Маняша выгоняла козу, а видела перед собой ангелов. «У матери крылышки совсем короткие. Как она на таких коротких крылышках летает, бедная!». Выбегала за водой к общественному колодцу и глядела на то место, где, должно быть, стояли ангелы. «Рядышком стояли, крылышко к крылышку, и поклонились ниже пояса в одно время». Возвращалась с водой и вспоминала, как ахнула, узнав мужа. Покойный муж глядел так грустно, внимательно. Не глядел, а спрашивал глазами. О чем спрашивал? Что ему интересно в ее жизни было?
— Не даст покою теперь проклятый сон! — сказала Маняша. — Не даст!

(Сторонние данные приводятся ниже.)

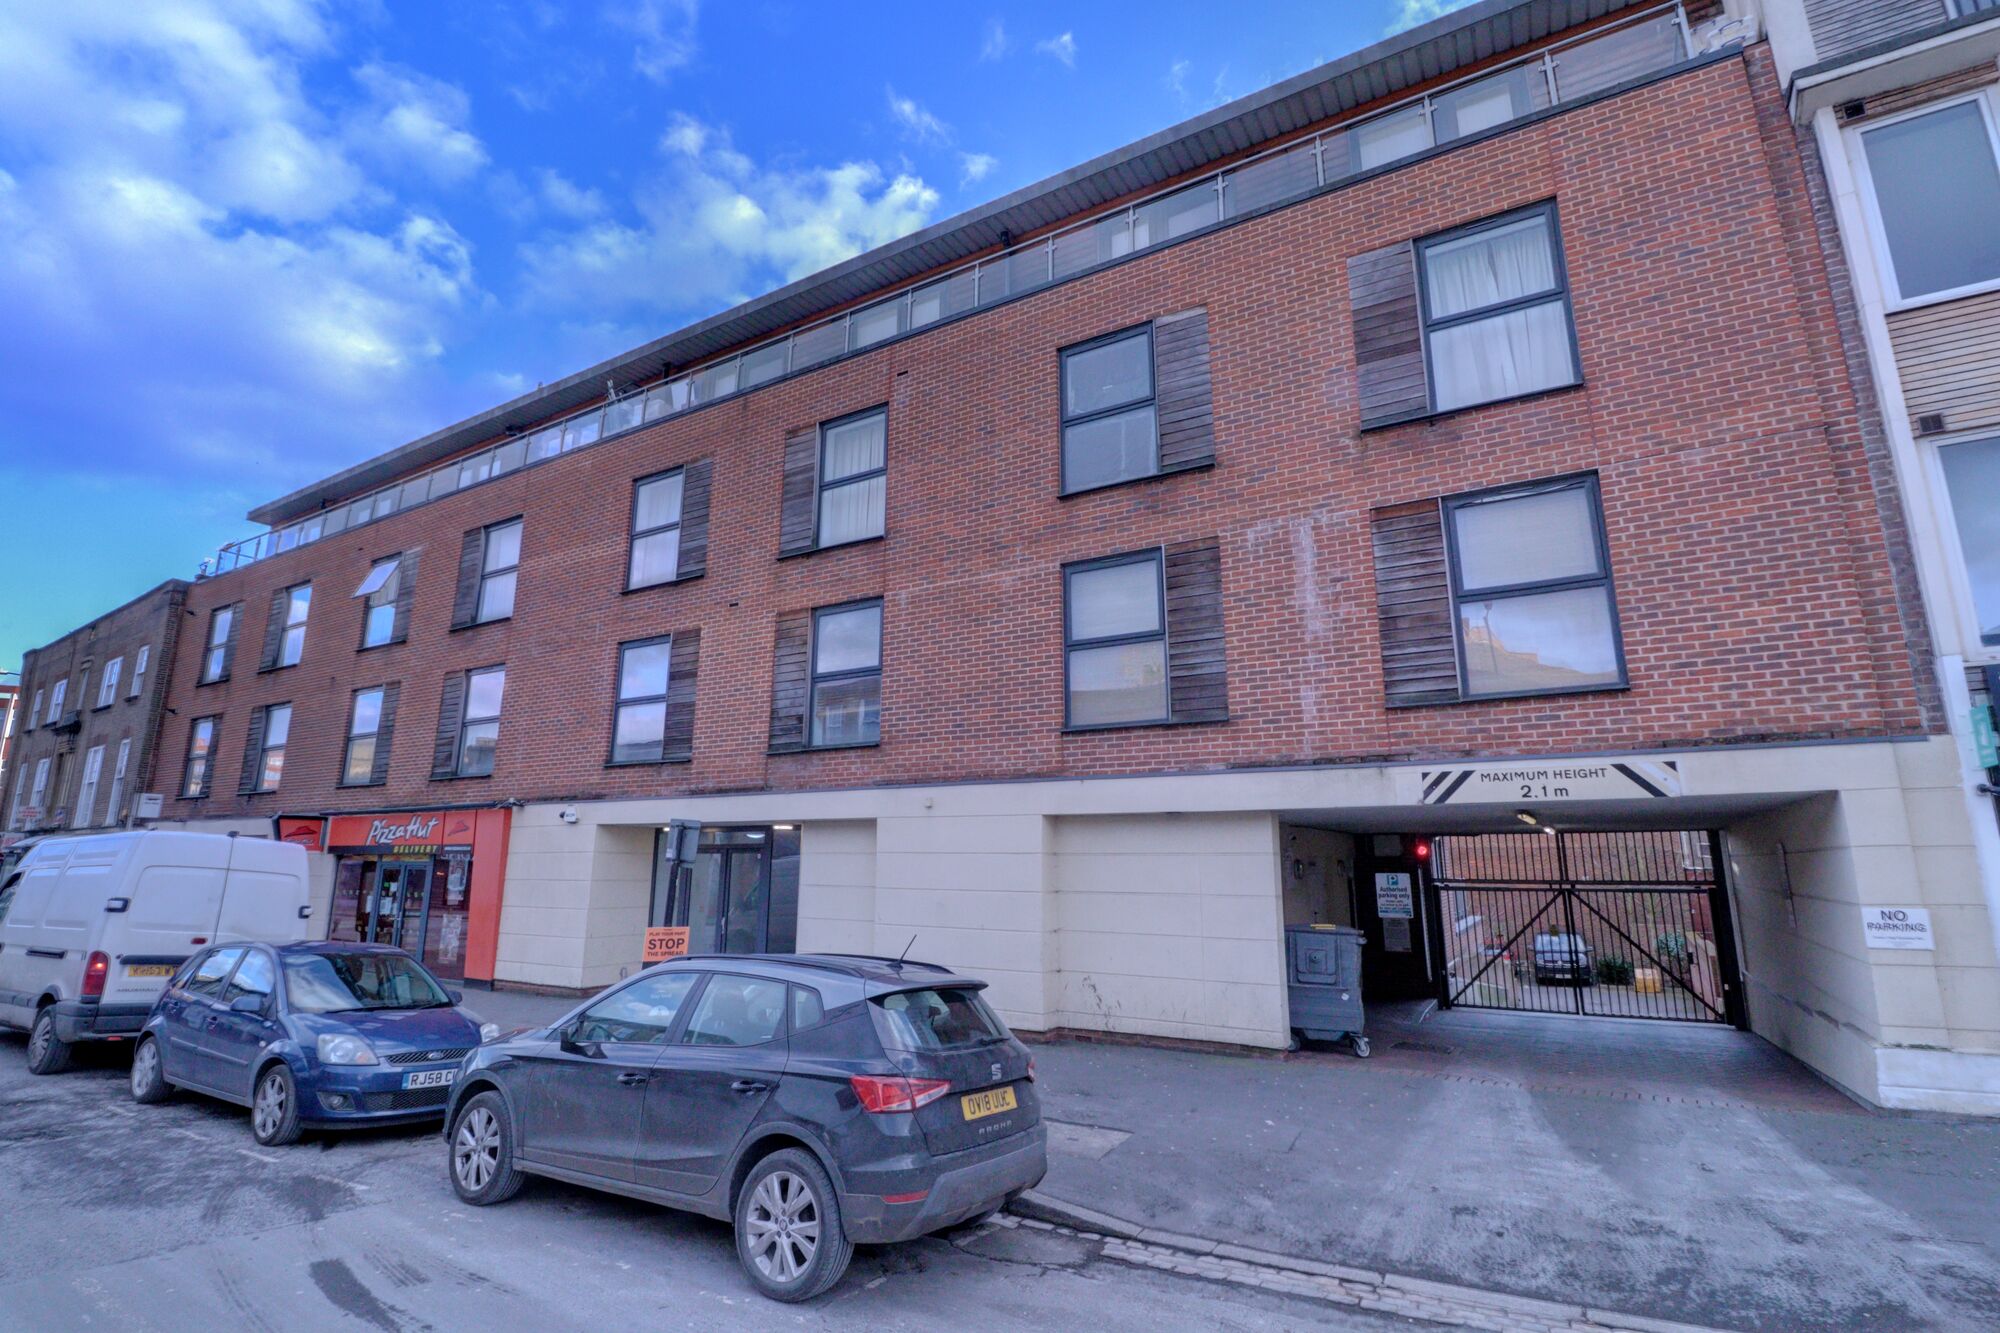 1 bedroom  flat to rent, Available now Castle Street, High Wycombe, HP13, main image
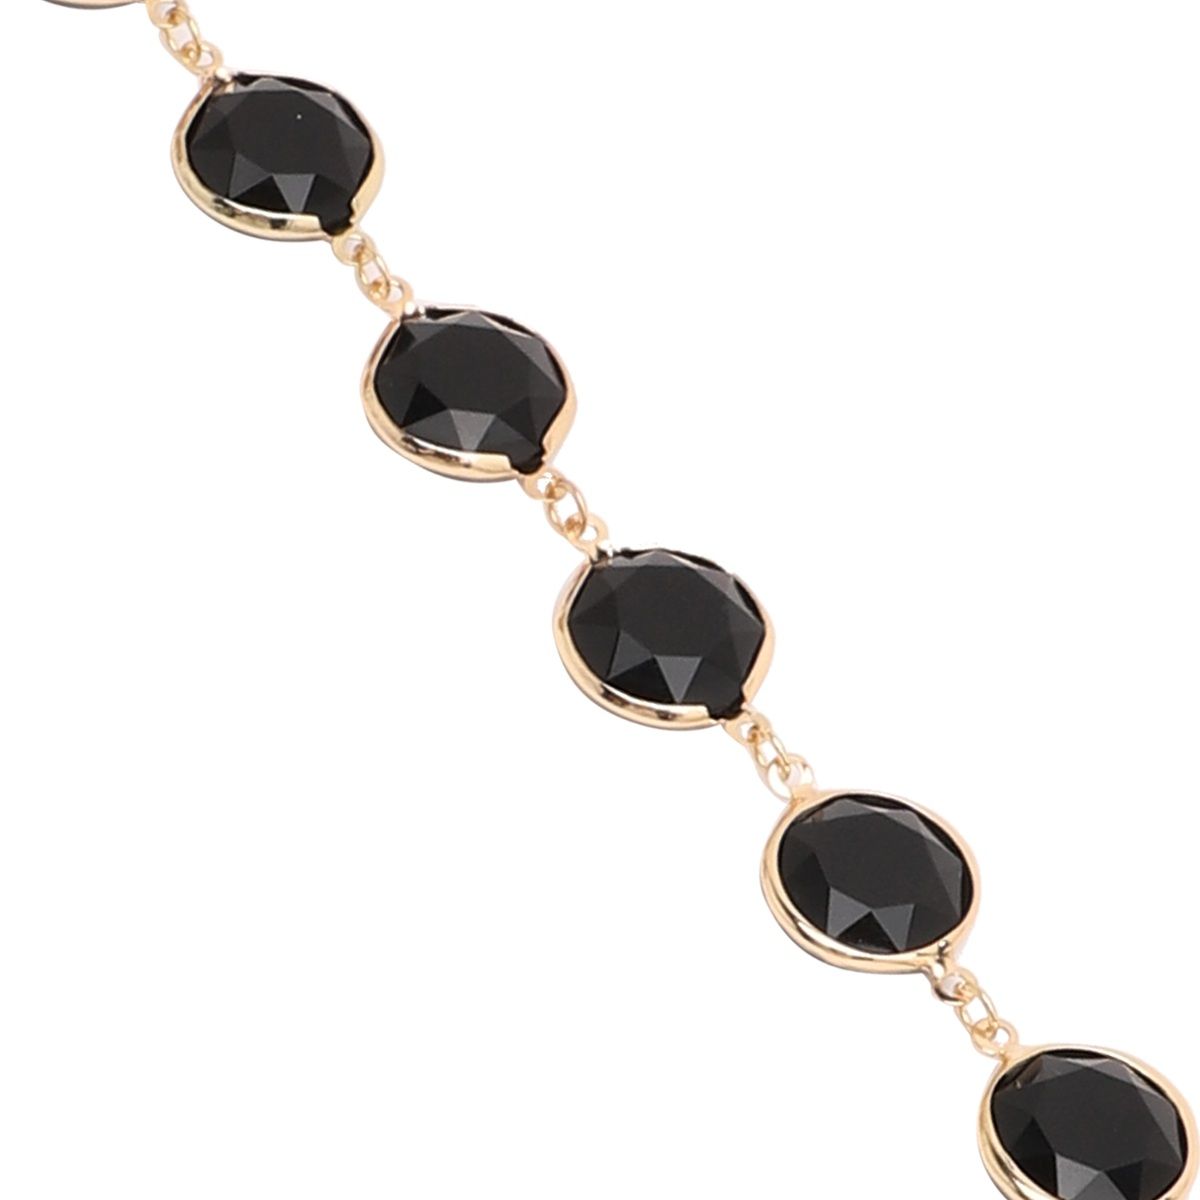 22K Yellow Gold and Black Beaded Baby Bracelet Set of 2 - BBR-478

Вот так же много лет тому назад приснилось Маняше, будто зовет ее кто-то. Тихонько да жалостливо: «Маняша, Маняша-а!..» Она жила тогда еще в чужом городе, куда завез ее муж до войны, в большом старом двухэтажном доме, купленном случайно за полцены. Вскинулась Маняша с постели, слушает. Вроде бы тихо все, только ветер шарит за окнами. Дети спят, дышат ровно, не ворочаются. Прилегла опять Маняша, стала засыпать, и снова ее кто-то позвал: «Маняша, Маняша-а!..» Долго она, испуганная, сидела на кровати, прислушивалась. Скрипнет старая доска где-нибудь, а Маняша вздрогнет. Ударит ветер в окно — вздрогнет Маняша, сожмется в комок. Под утро третий раз позвал ее жалобный голос. Кто звал, она не разобрала. Вроде бы женский был голос. Но сказать уверенно Маняша не могла. Целый день думала, волновалась, а к вечеру собрала детей и сказала, что уезжать надо. Город чужой, дом старый, дряхлый, земле кланяется. Война кончилась. Жизнь вроде бы налаживается. Уже и карточки отменили. Уезжать надо! Чужие они здесь, приезжие. Через неделю нашелся покупатель, с руками домище оторвал. Два этажа, шесть комнат да двор — хоромы, можно сказать. Маняша наняла грузовик да и стащила в кузов барахлишко из всех шести комнат. Только один грузовик и понадобился. Уехала она в небольшой городок, от которого рукой подать до ее родного Павловского. И никогда больше не тревожил ее по ночам жалобный голос. Маняша догадалась, сон разгадала по-своему. Это ее родные места звали. Родина позвала. А коли так — надо слушаться. Послушалась, и слава богу.
Ну, а теперь что?..
Про жалобный голос Маняша никому не рассказывала. Взяла и сделала по-своему. Все сама. И помоложе была, и надобности в советах особой не было. Все дети были под боком, под рукой. Теперь же совсем другое положение. И годы не те, и одна совсем, и сон такой особенный, что ума не приложить. В церковь пойти? Так ведь что попу скажешь? Ангелы явились. Ни поверит, пожалуй…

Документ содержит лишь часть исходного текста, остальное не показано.